By default, MarkdownHeaderTextSplitter strips headers being split on from the output chunk's content. This can be disabled by setting strip_headers = False.

In [28]:
markdown_splitter = MarkdownHeaderTextSplitter(headers_to_split_on=headers,strip_headers=False)
md_header_splits = markdown_splitter.split_text(md)
md_header_splits

[Document(metadata={'Header 1': 'Foo', 'Header 2': 'Bar'}, page_content='# Foo  \n## Bar  \nHi this is Jim\nHi this is Joe'),
 Document(metadata={'Header 1': 'Foo', 'Header 2': 'Baz'}, page_content='## Baz  \nHi this is Molly')]

### 4.1 Semantic Chunking
You will need the OpenAI API Key for running this
Both LangChain and LlamaIndex, the leading frameworks for building LLM applications, offer robust implementations of semantic chunking.


In [38]:
from google.colab import userdata
OPENAI_API_KEY = userdata.get('OPENAI_API_KEY').strip()

In [51]:
docs = text_splitter.create_documents([sample_text,sample_text2])

### Langchain Semantic Chunking

In [52]:
from langchain_experimental.text_splitter import SemanticChunker
from langchain_openai import OpenAIEmbeddings
from google.colab import userdata

# Initialize the splitter with an embedding model and a breakpoint threshold type
# Ensure the API key is stripped of any leading/trailing whitespace


text_splitter = SemanticChunker(
    OpenAIEmbeddings(api_key=OPENAI_API_KEY),
    breakpoint_threshold_type="percentile" # Other options: "standard_deviation", "interquartile", "gradient"
)

# Create semantically coherent document chunks
# Assuming sample_text is defined elsewhere in the notebook
docs = text_splitter.create_documents([sample_text,sample_text2])
print(f"Number of semantic chunks: {len(docs)}")

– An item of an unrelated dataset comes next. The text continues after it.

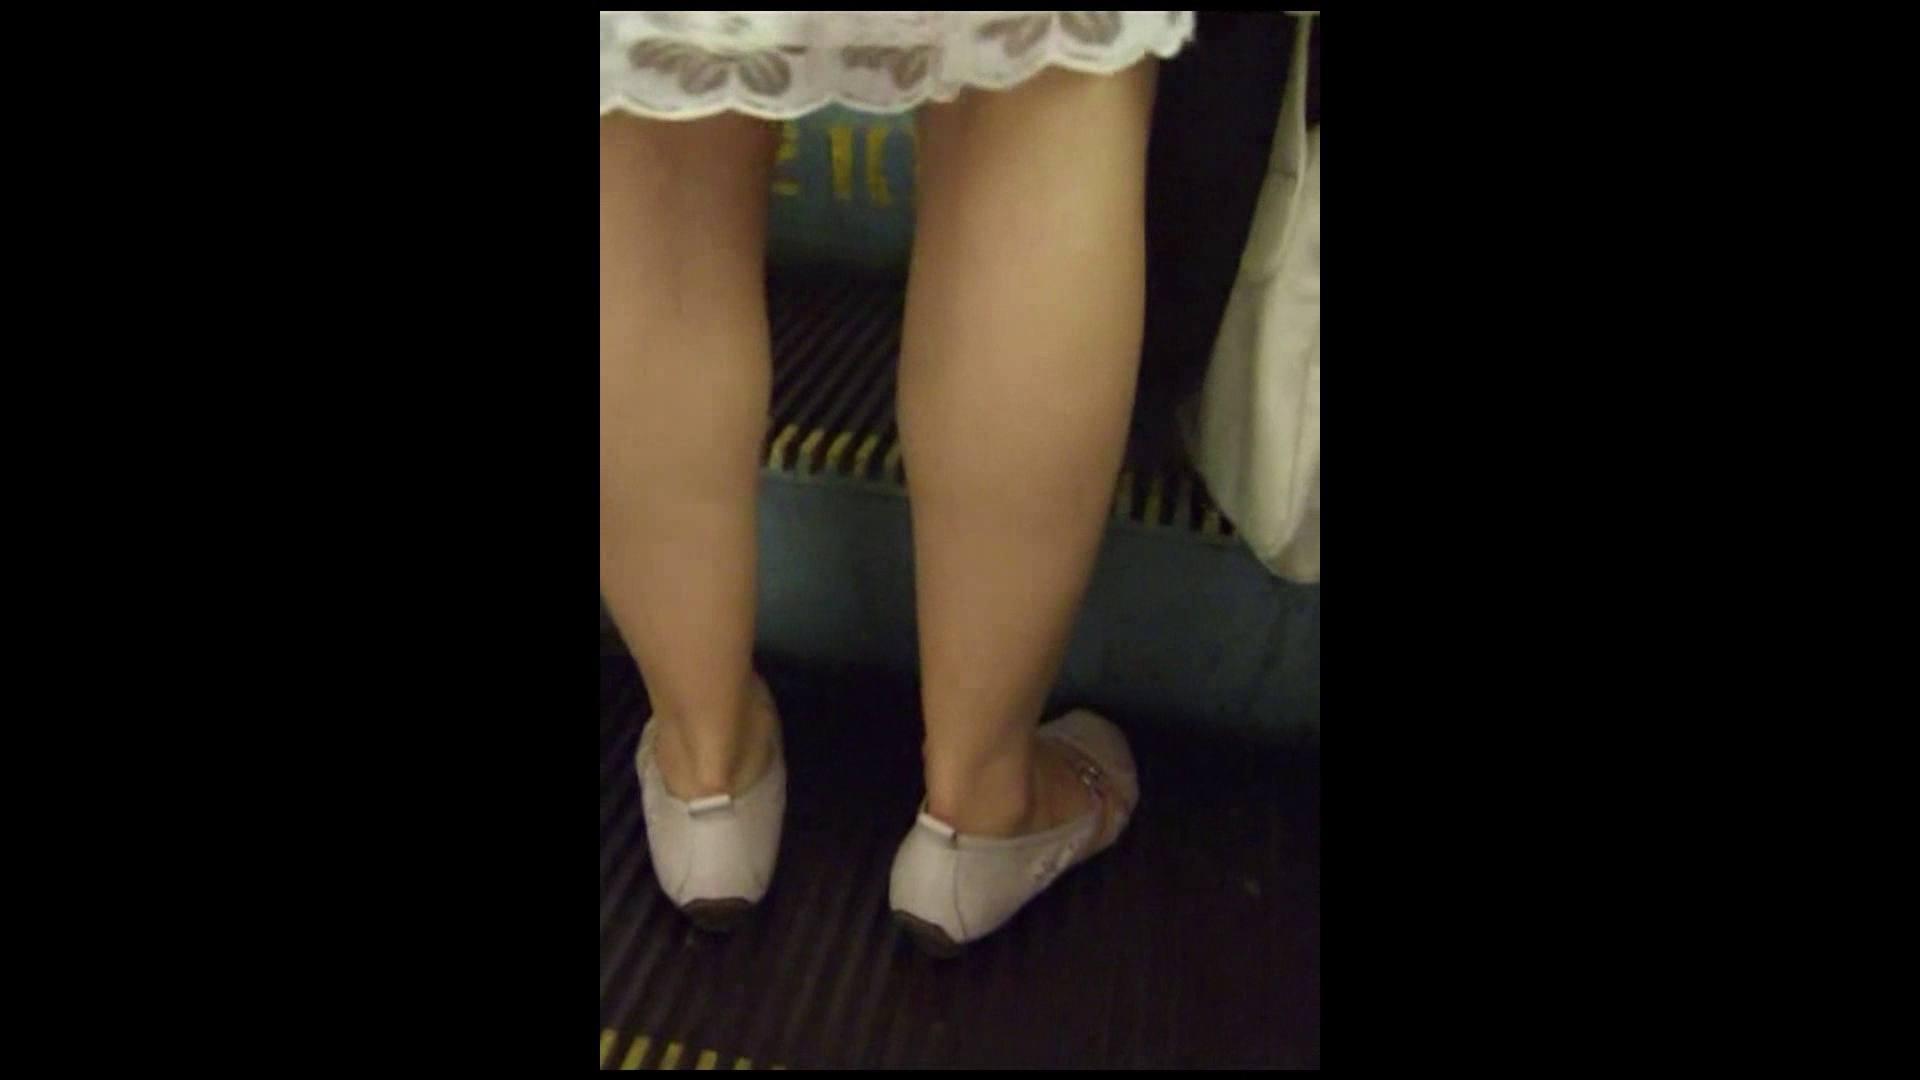 綺麗なモデルさんのスカート捲っちゃおう‼vol02 HなOL   モデルヌード  93pic 87

Number of semantic chunks: 4


In [53]:
docs

[Document(metadata={}, page_content='\nLarge language models (LLMs) are a type of artificial intelligence algorithm that uses deep learning techniques and massively large data sets to understand, summarize, generate and predict new content. The "large" in LLM refers to the vast amount of data these models are trained on — often terabytes of text and data — and the number of parameters they use to process language, which can be billions. LLMs are built on transformer architectures, a neural network architecture introduced in 2017 that processes input data in a way that allows for parallelization, making training on massive data sets feasible. This architecture uses self-attention mechanisms to weigh the importance of different words in the input sequence when processing a specific word. There are different types of LLMs, categorized based on their architecture and training objectives:\n\n*   **Generative LLMs:** These models are designed to generate new content, such as text, code, or i

### Llama index Semantic Chunking

In [60]:
from llama_index.core.node_parser import SemanticSplitterNodeParser
from llama_index.embeddings.openai import OpenAIEmbedding
from llama_index.core import Document

splitter = SemanticSplitterNodeParser(
    buffer_size=1,
    breakpoint_percentile_threshold=95,
    embed_model=OpenAIEmbedding(api_key=OPENAI_API_KEY)
)

text_list = [sample_text, sample_text2]
documents = [Document(text=t) for t in text_list]
nodes = splitter.get_nodes_from_documents(documents,show_progress=True)
print(f"Number of semantic nodes: {len(nodes)}")

Parsing nodes:   0%|          | 0/2 [00:00<?, ?it/s]

Generating embeddings:   0%|          | 0/11 [00:00<?, ?it/s]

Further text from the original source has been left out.